Further, by judging that the far-end voice activation flag XVflag is not equal to 1, the echo sound field state of the signal to be determined is the near-end single talk state, and when the far-end voice activation flag XVflag is not 1, it can be considered that there is no signal at the far end, There is no echo signal in the near-end signal, and the current state is the near-end single-talk state. Otherwise, it indicates that there is echo in the near-end signal, and further judgment on the signal to be determined is required.

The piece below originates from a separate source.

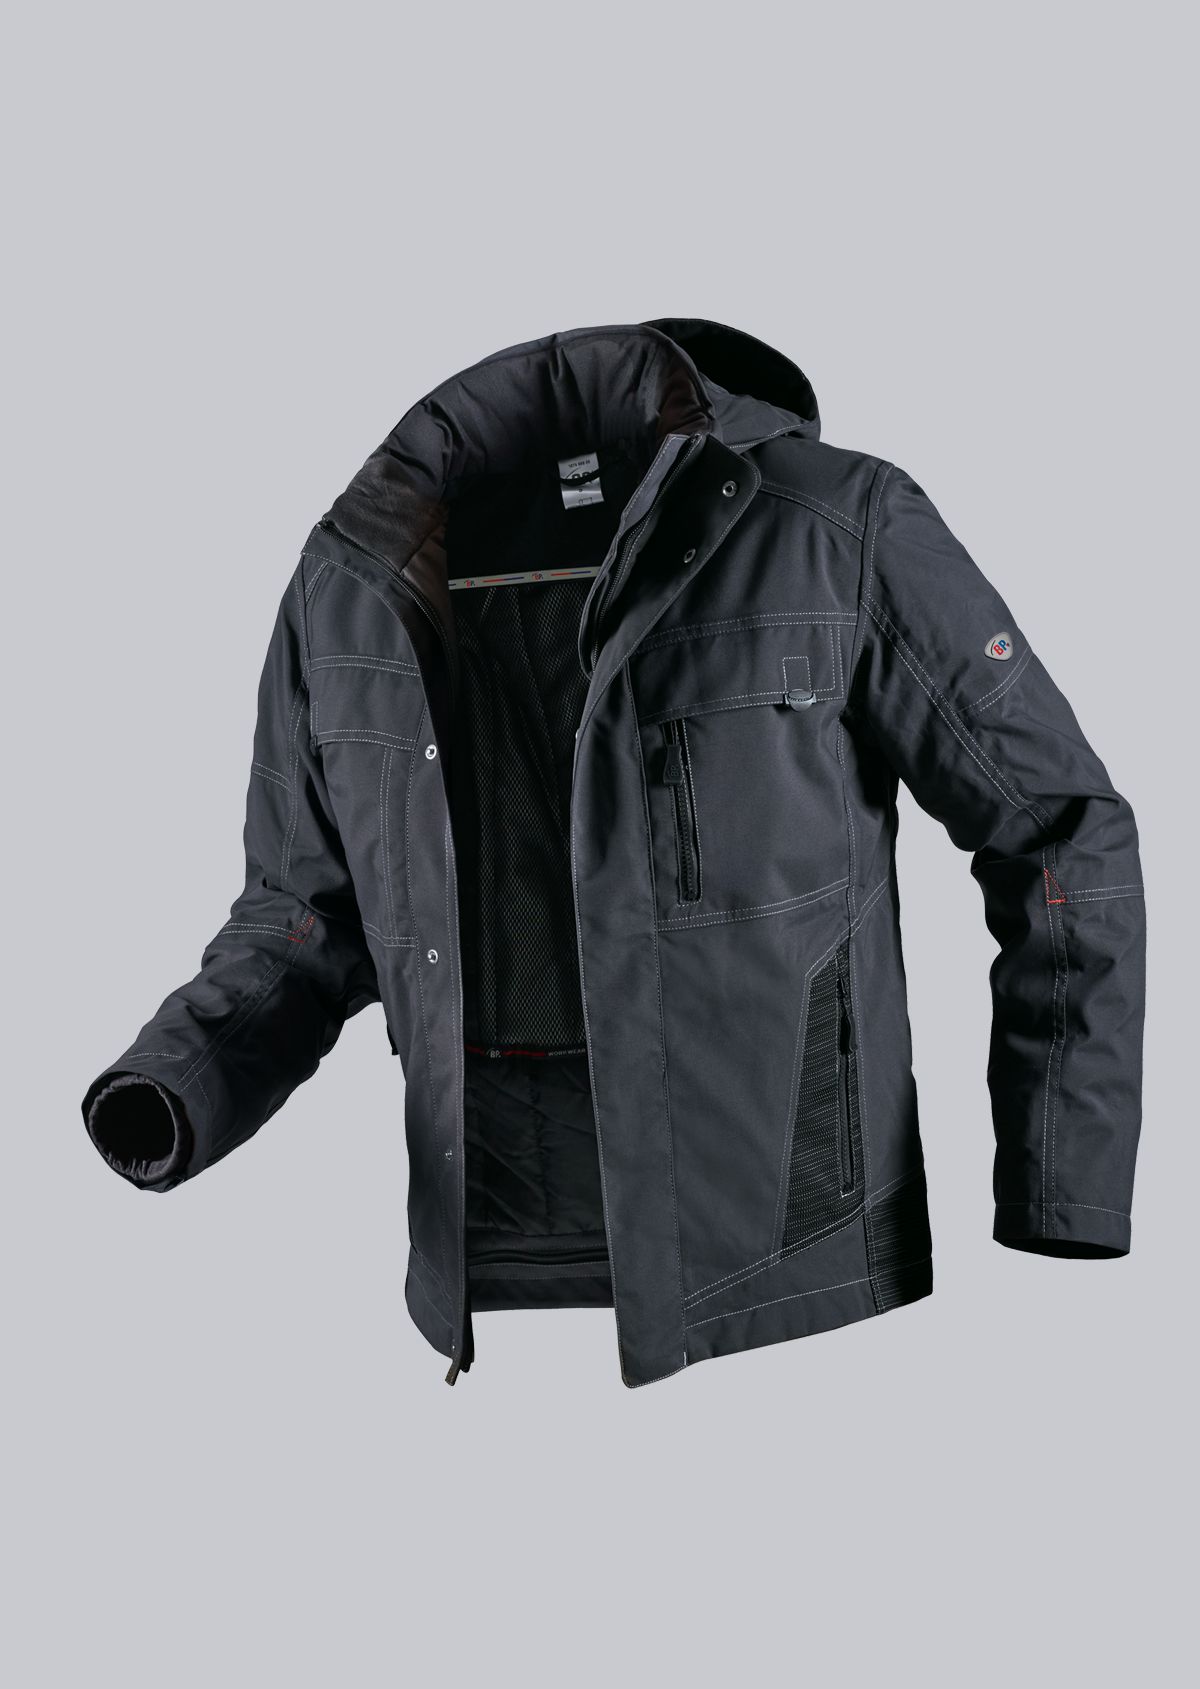 BP® Weatherproof winter jacket

Furthermore, by judging that the echo suppression ratio Err is greater than the preset echo threshold Thrd _err , it indicates that the relative amplitude of the residual signal is very small, and most of the near-end signal components are determined to be echo signals, which have been eliminated by the adaptive filter AF, and the current state It is the far-end single-talk state, otherwise it indicates that the relative amplitude of the residual signal is still high and the component in the near-end signal is uncertain, and further judgments on the signal to be determined need to be made.

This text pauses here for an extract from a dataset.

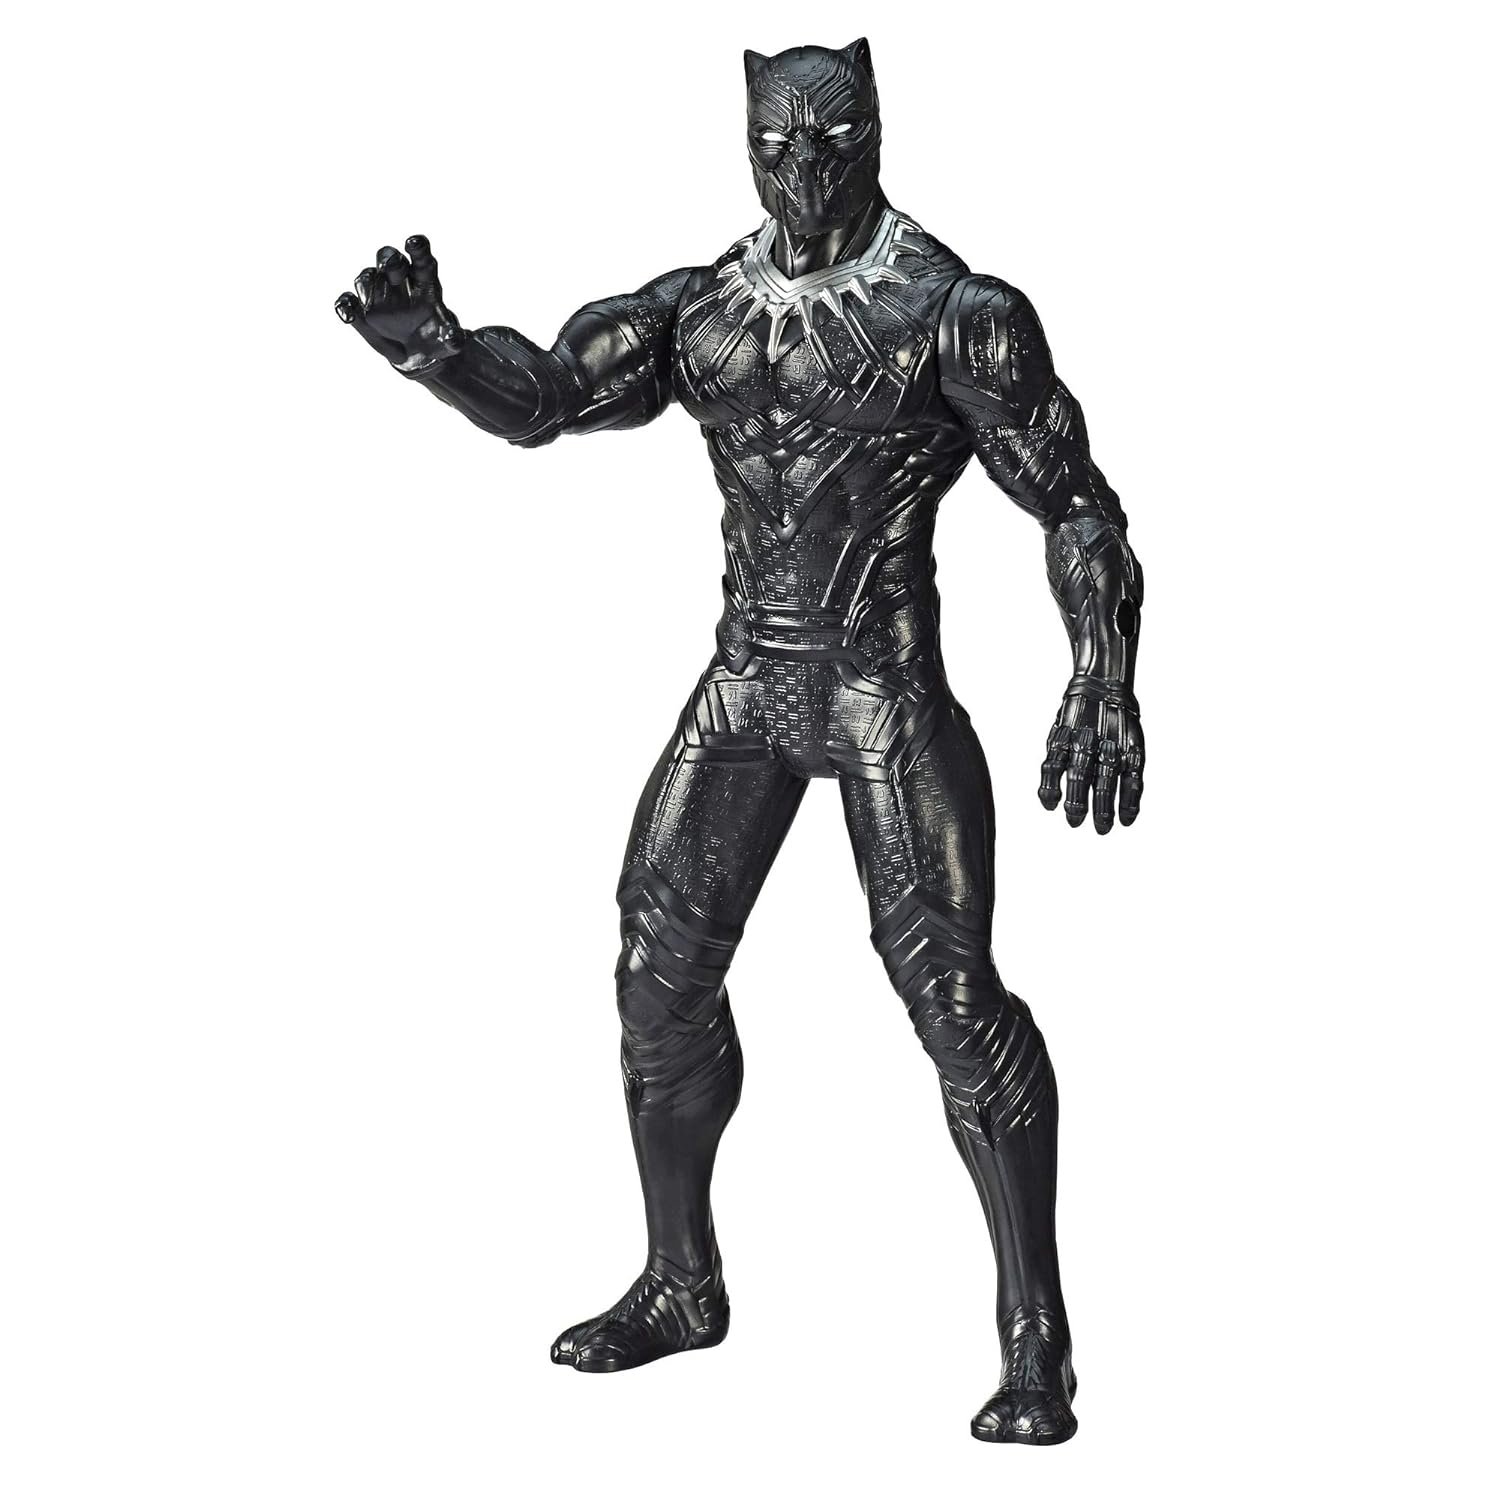 Marvel Black Panther Action Figure image 1

Further, the normalized cross-correlation value to make the near-end signal and the residual signal component further determines, in the filter converges, the residual data E _n (k) corresponding to the de-correlated echo signal, at this time if the C _{DE is} greater than the threshold Thrd1 _coh , indicating that the near-end signal contains many components that are not related to echo, but if the filter does not converge, the residual signal will also contain a large amount of echo components. This conclusion is not valid; therefore, C _YE is used to further Confirm that if C _{YE is} less than the threshold Thrd2 _{coh, it} means that there are few echo components in the residual signal. Combined with _{the condition that C DE is} greater than the threshold Thrd1 _coh , it can be confirmed that the near-end signal contains components that are not related to echo. At this time, the current state is dual-talk. Status, otherwise it means that the signal component cannot be determined, and further judgment on the signal to be determined is required.

Further, after judging and excluding the dual-talk state, it is judged that the echo path change state _{according to the filter convergence Cef update being} greater than the threshold Thrd _update _{, and judging according to the filter update degree Cef update being} less than or equal to the preset update degree threshold Thrd _update It is the far-end single-talk state, which can indicate that the filter is in a fast update state. Since the previous judgment has ruled out the deterministic dual-talk state, the interference of the near-end voice signal to the filter is not too high. Due to convergence or echo path change, the current state is the echo path change state. Otherwise, the current feature has no obvious distinction and is regarded as an uncertain state. In the embodiment of the present invention, it is determined as the remote single talk state.

Further, the normalized cross-correlation values C _YE and C _DE are the normalized cross-correlation values in the linear region; where M and L are the frequency band indexes of the linear region, and the accuracy of judgment can be improved by taking the value in the linear region .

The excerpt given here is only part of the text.